The contributions of this paper can be described as follows:

  1. To the best of our knowledge, this paper presents the first analysis of the practices of a community of Twitter citizen reporters in a life-threatening environment over an extended period of time (10 months).
  2. We discover that in this community, anonymity and trustworthiness are coexisting. Because these citizens live in a city troubled by the narco-wars that have plagued Mexico since 2006, it is a great example of a community where anonymity of active participants is crucial, while lack of anonymity may be fatal.
  3. We describe a series of network and content based features that allow us to understand the nature of this community, as well as discover conflicts or changes in behavior.


The large volume of user-generated content on the Social Web puts a high burden on the participants to evaluate the accuracy and quality of content.
We usually rely on known reputed news sources (NPR, NYT, BBC, Der Spiegel, etc.) to evaluate them. However, not every country has a free press or is willing or able to allow the international press to move freely. In some countries, like Mexico, journalists have been killed by organized crime or put under pressure by the authorities to stop reporting on certain events.

In the era of social Web, more citizens are reporting of newsworthy issues gaining reputation as citizens-reporters.
However, not everywhere in the world is there a right to and protection of free speech. In countries where the traditional media cannot report the truth, anonymity becomes a necessity for citizens who want to exercise their right of free-speech in the service of their community.

Is it possible for anonymous individuals to become influential and gain the trust of a community? Here, we discuss the case of a community of citizen reporters that use Twitter to communicate, located in a Mexican city plagued by the drug cartels fighting for control of territory.

Our analysis shows that the most influential individuals inside the community were anonymous accounts. Neither the Mexican authorities, nor the drug cartels were happy about the real-time citizen reporting of crime or anti-crime operations in an open social network such as Twitter, and we discovered external pressures to this community and its influential players to change their reporting behavior.

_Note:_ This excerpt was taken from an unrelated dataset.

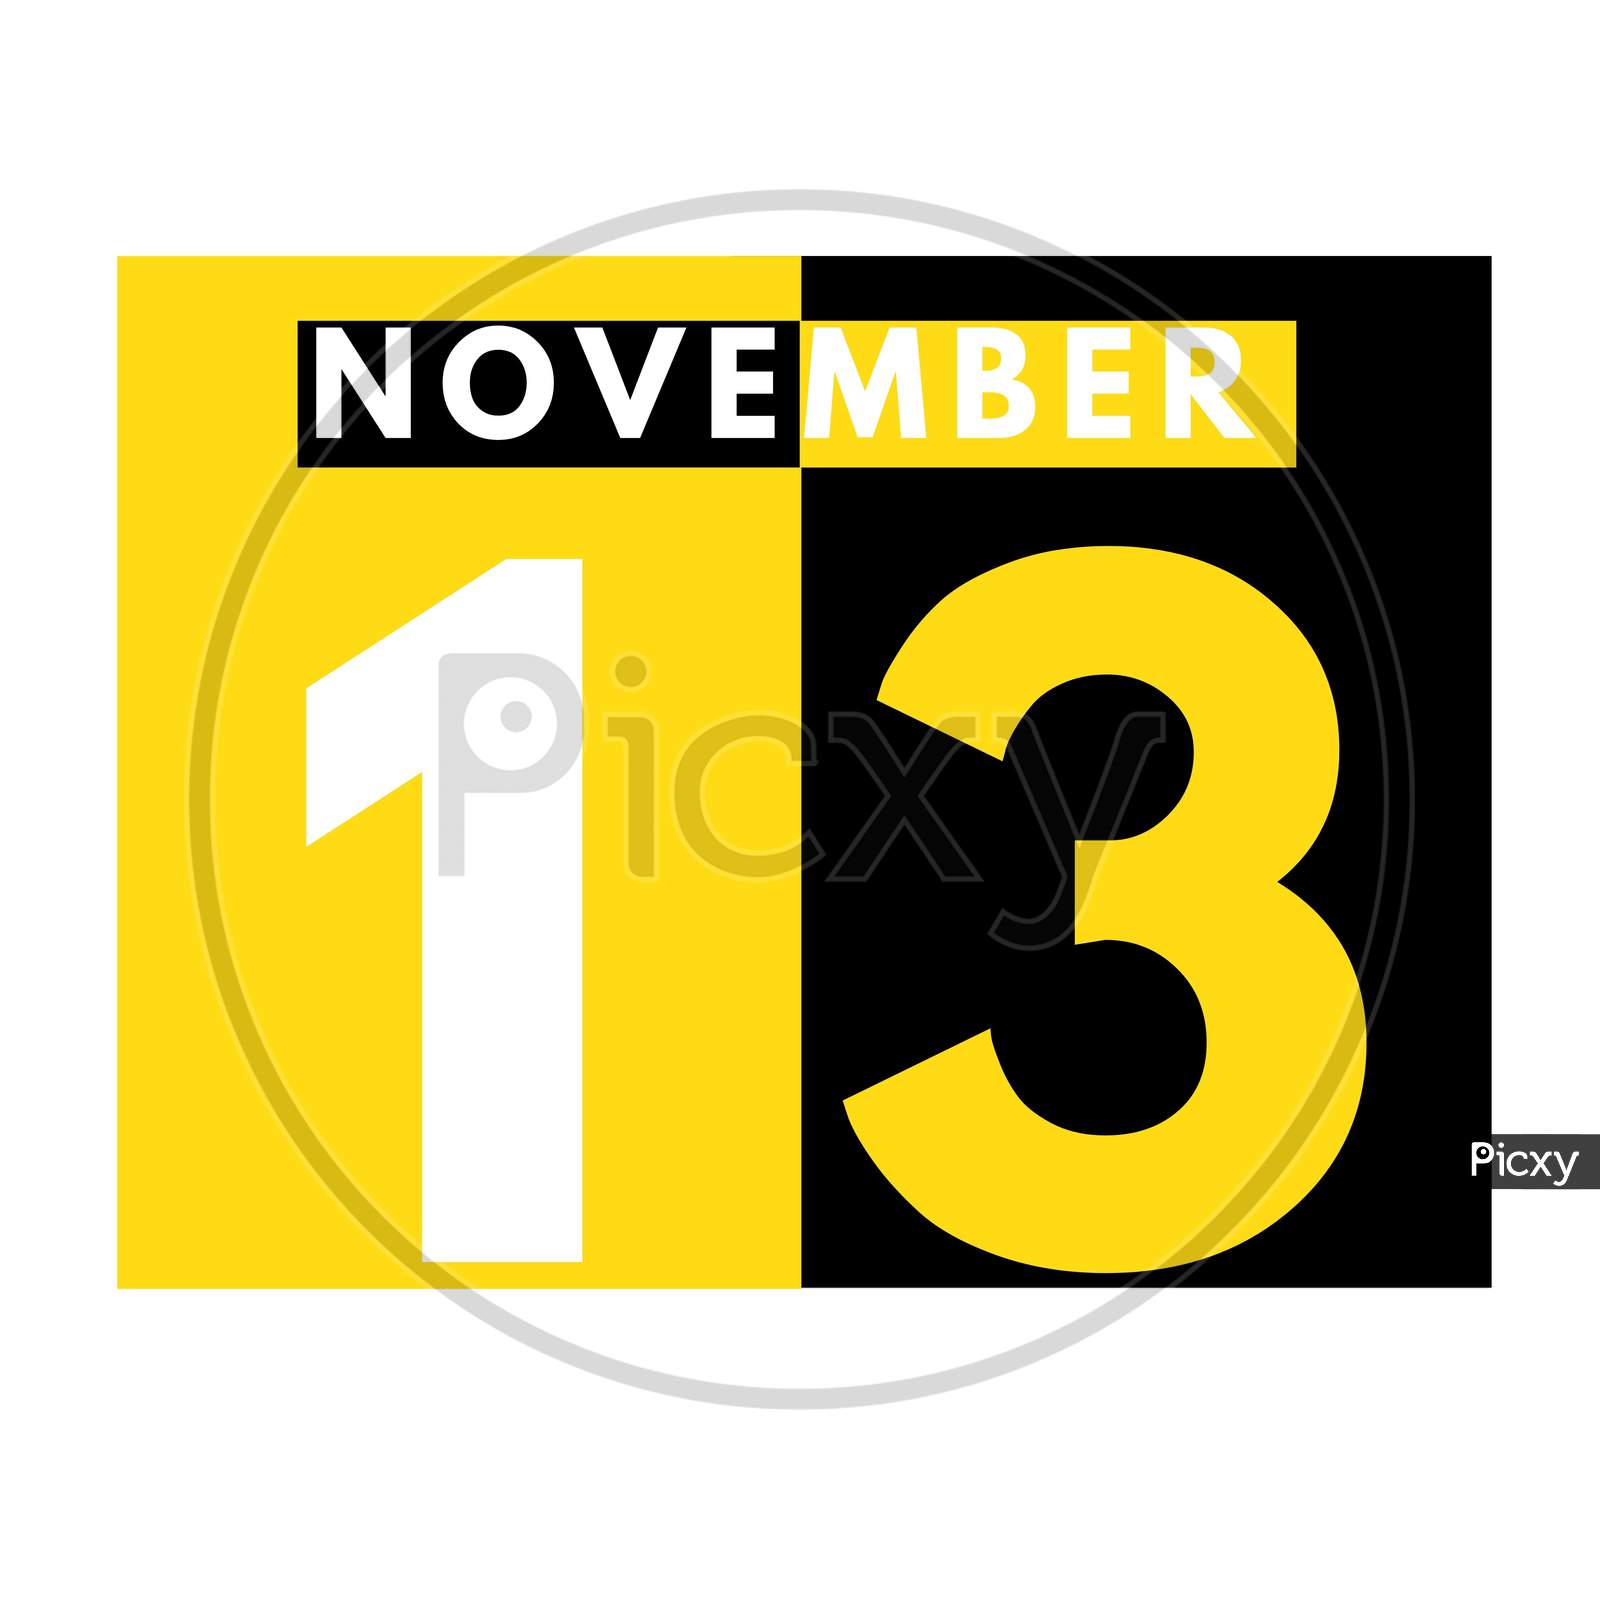 November 13 . Modern Daily Calendar Icon .Date ,Day, Month .Calendar For The Month Of November

When we read news, we usually choose our information sources based on the reputation of the media organization. We trust the news organizations, therefore, we expect that their reporting is credible, though in the past there have been breaches of such trust, and all media organizations have an embedded bias that affects what they choose to report.

Social media platforms specializing in organizing humanitarian response to disasters, such as Ushahidi, rely on people on the ground to report on situations that need immediate attention. Anyone can be a reporter.

However, this poses a new problem: how do we assess the credibility of citizen reporting?
Citizen reporting lacks the inherent structures that help us evaluate credibility as we do with traditional media reporting. But sometimes, citizen reporting might be the only source of information we might have.
How can we use technology to help us verify the credibility of such reports?


To address this question we look at a particular community of citizen reporters gathered around Twitter accounts in a Mexican city plagued by drug-related violence.

Twitter has a unique feature that facilitates on-the-fly creation of communities: the hyperlinked hashtags. While previous research has shown that the majority of Twitter hashtags have a very short half-life span (Romero, Meeder, and Kleinberg 2011), in this paper we analyze the practices of a community of citizens that have been using the same hashtag since March 2010 to report events of danger happening in their city.

We refer to the community with the obfuscated hashtag #ABC_city, which is a substitute for the hashtag present in the tweets of our corpus. We will also substitute the exact text of important tweets with a translation from Spanish to English, so that searching online or with the Twitter API will not lead to unique results.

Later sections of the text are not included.